I will provide an overview of some important features introduced in version 0.24. Given a large number of highlight features, I highly recommend upgrading your scikit-learn library.

Contents:

  • Upgrading to Version 0.24
  • Major Features
  • Other Interesting Features

Upgrading to Version 0.24

I am using Python environments, so, first I activated my desired environment, and then upgraded the scikit-learn version via pip.

# Activate the environment
>>> source activate py38
# Upgrade scikit-learn
>>> pip install — upgrade scikit-learn
...
...
Successfully installed scikit-learn-0.24.0

Major Features

\Photo by Tolga Ulkan on Unsplash

1) Sequential Feature Selector (SFS)

It is a way of selecting the most important features from high-dimensional spaces greedily. This transformer uses the model estimator’s cross-validation to iteratively find the best feature-subset by either adding or removing features via the forward and backward selection, respectively.

The forward selection starts with fewer features and gradually adds the best new features till the required number of features is obtained. The backward selection starts with more features and removes them one-by-one till the desired number of features is selected.

It is an alternative to the “SelectFromModel” (SFM) transformer. The advantage of SFS over SFM is that the estimator (model) used in SFS is not required to have the feature_importances_ or coef_ attribute after fitting, unlike in SFM. The disadvantage of SFS is that it is relatively slower than SFM due to its iterative nature and the k-fold CV scoring. The following is one example. Try playing around with the code using a different classifier.

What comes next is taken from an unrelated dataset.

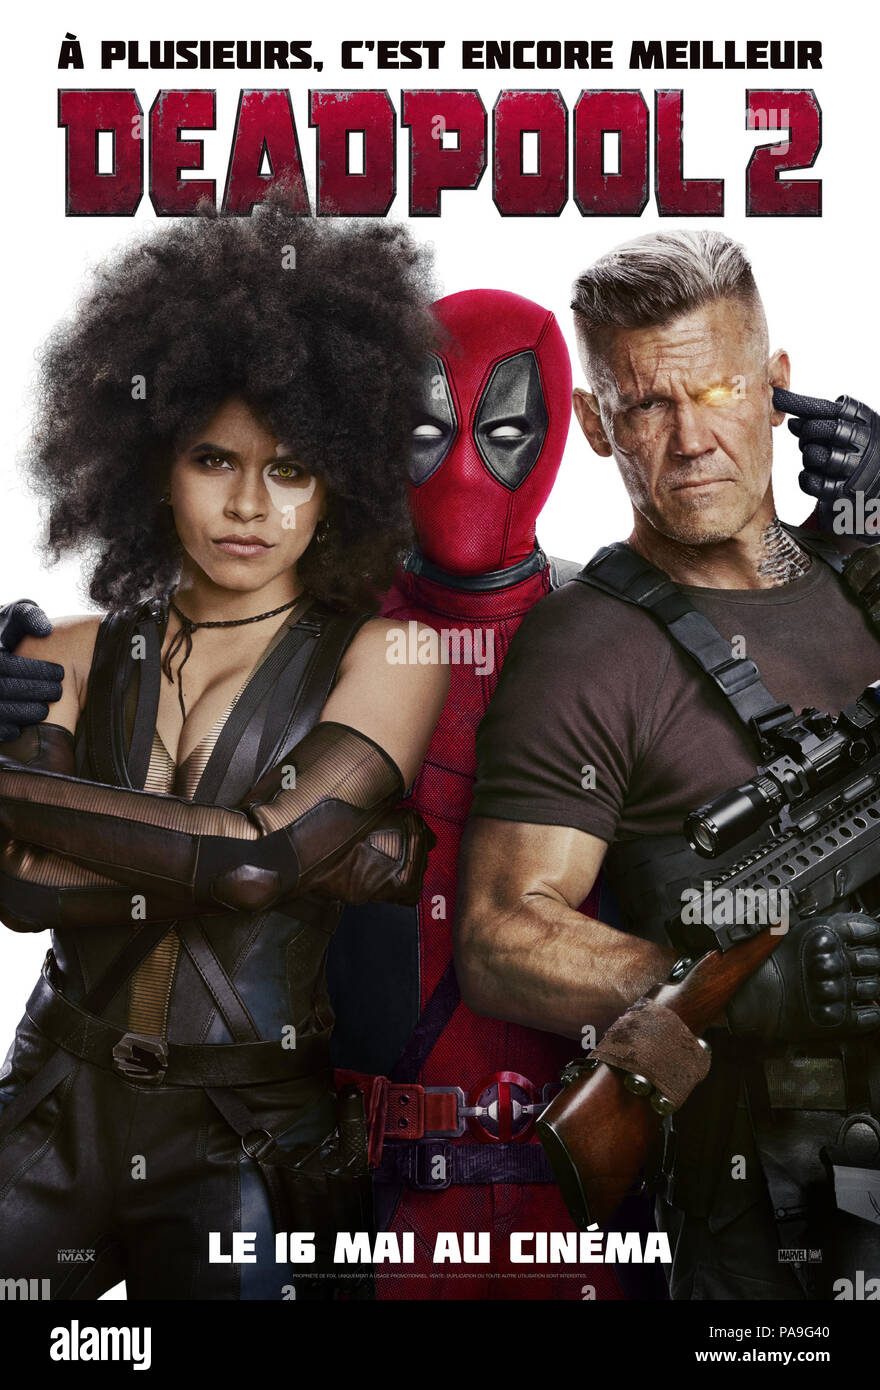 RELEASE DATE: May 18, 2018 TITLE: Deadpool 2 STUDIO: Twentieth Century Fox  DIRECTOR: David Leitch PLOT: After surviving a near fatal bovine attack, a  disfigured cafeteria chef (Wade Wilson) struggles to fulfill

from sklearn.datasets import load_wine
from sklearn.neighbors import KNeighborsClassifier
from sklearn.feature_selection import SequentialFeatureSelector
X, y = load_wine(return_X_y=True, as_frame=True)
n_features = 3
model = KNeighborsClassifier(n_neighbors=3)
sfs = SequentialFeatureSelector(model,
n_features_to_select = n_features,
direction='forward') #Try 'backward'
sfs.fit(X, y)
print("Top {} features selected by forward sequential selection:{}"\
.format(n_features, list(X.columns[sfs.get_support()])))
# Top 3 features selected by forward sequential selection:
# ['alcohol', 'flavanoids', 'color_intensity']
Photo by Markus Winkler on Unsplash

2) Individual Conditional Expectation (ICE) plots

The ICE plots are a new kind of partial dependence plots that show how a prediction for a given sample in the dataset depends on a feature. If you have 100 samples (recordings) and six features (independent variables), then you will get six subplots, where each plot will contain 100 lines (you can specify this number). The y-axes in all subplots will cover the range of the target variable (prediction), while the x-axes will cover the corresponding feature’s range.

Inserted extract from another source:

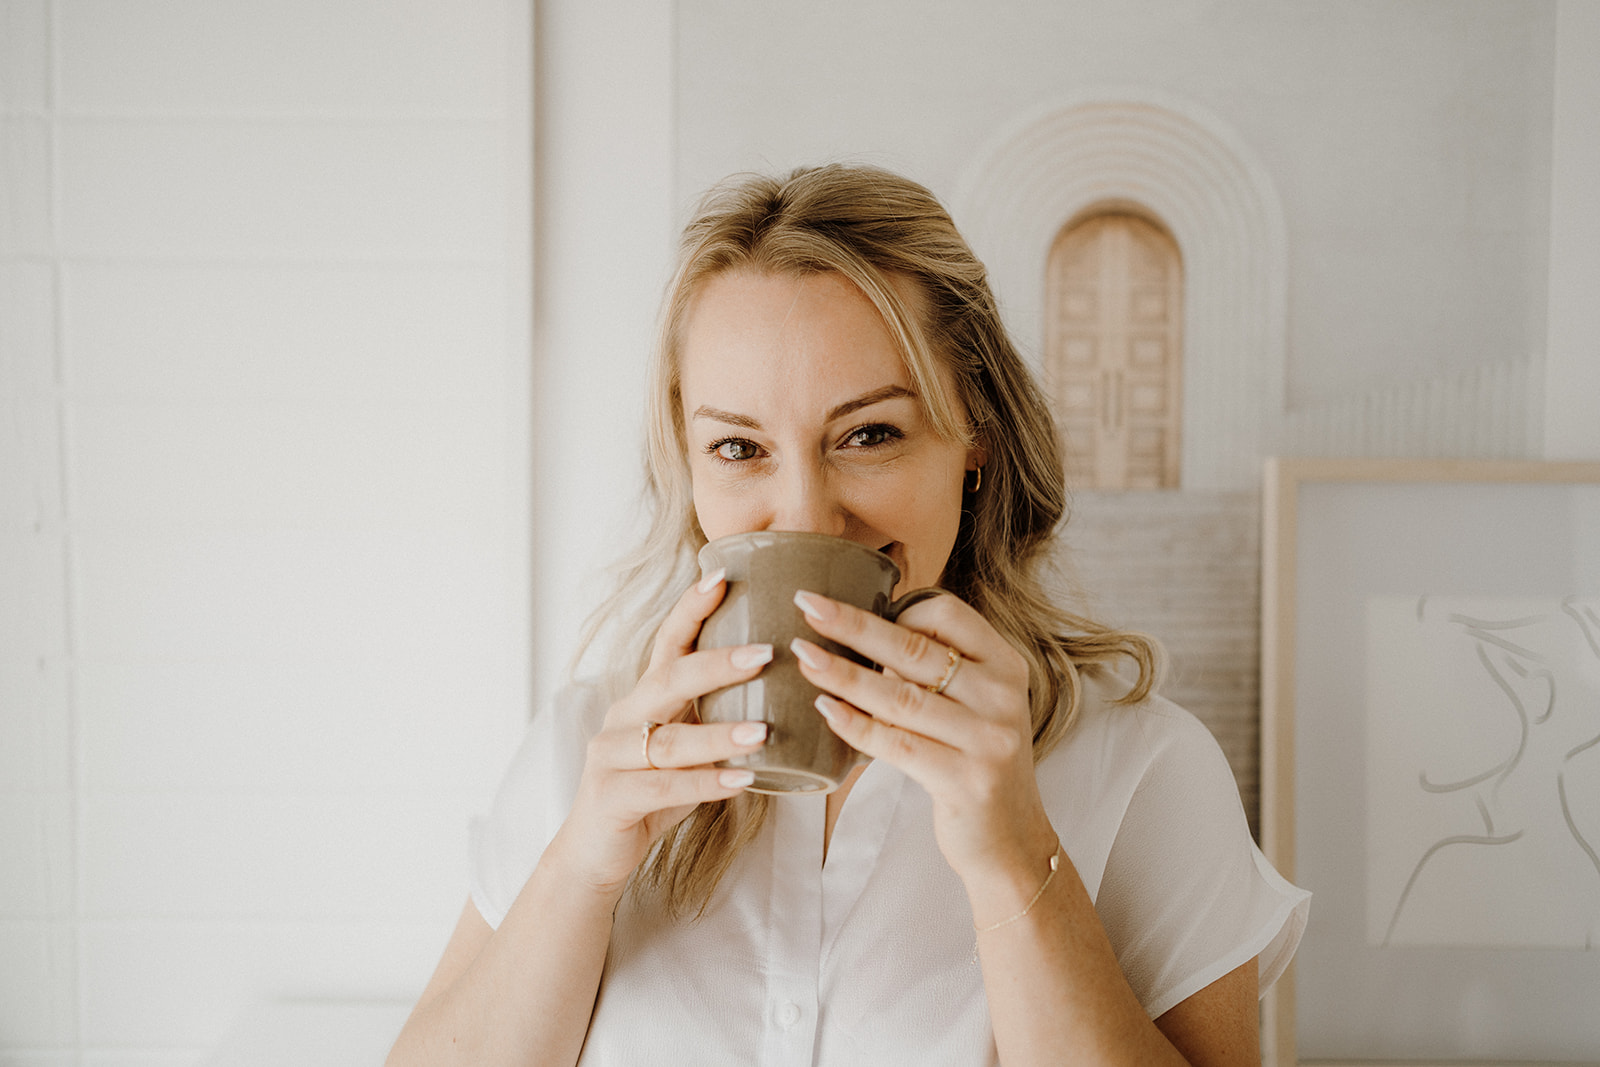 Lady standing holding a mug to her lips with both hands.

The following code generates the ICE plots shown below.

from sklearn.datasets import load_diabetes
from sklearn.ensemble import RandomForestRegressor
X, y = load_diabetes(return_X_y=True, as_frame=True)
features = ['s1', 's2', 's3', 's4', 's5', 's6'] # features to plot
model = RandomForestRegressor(n_estimators=10)
model.fit(X, y)
ax = plot_partial_dependence(
model, X, features, kind="both", subsample=60,
line_kw={'color':'mediumseagreen'})
ax.figure_.subplots_adjust(hspace=0.4, wspace=0.1) # adjust spacing
ICE plot showing the dependence of diabetes progression onto the six blood serum features using the Random Forest Regressor.
Photo by Tamanna Rumee on Unsplash

3) Successive Halving Estimators

Two new estimators for hyperparameter tuning are introduced namely HalvingGridSearchCV and HalvingRandomSearchCV. They can respectively serve as alternatives for GridSearchCV and RandomizedSearchCV, the in-built hyperparameter tuning methods so far in scikit-learn.

The basic idea is that the search for the best hyperparameter starts on a few samples with a large set of parameters. In the next iteration, the number of samples increase (by a factor n), but the number of parameters is halved/reduced (halved does not only mean a factor of 1/2 (n=2) but can also be 1/3 (n=3), 1/4 (n=4), and so on). This halving procedure continues till the final iteration. Finally, the best subset of parameters is the one that has the highest score in the last iteration.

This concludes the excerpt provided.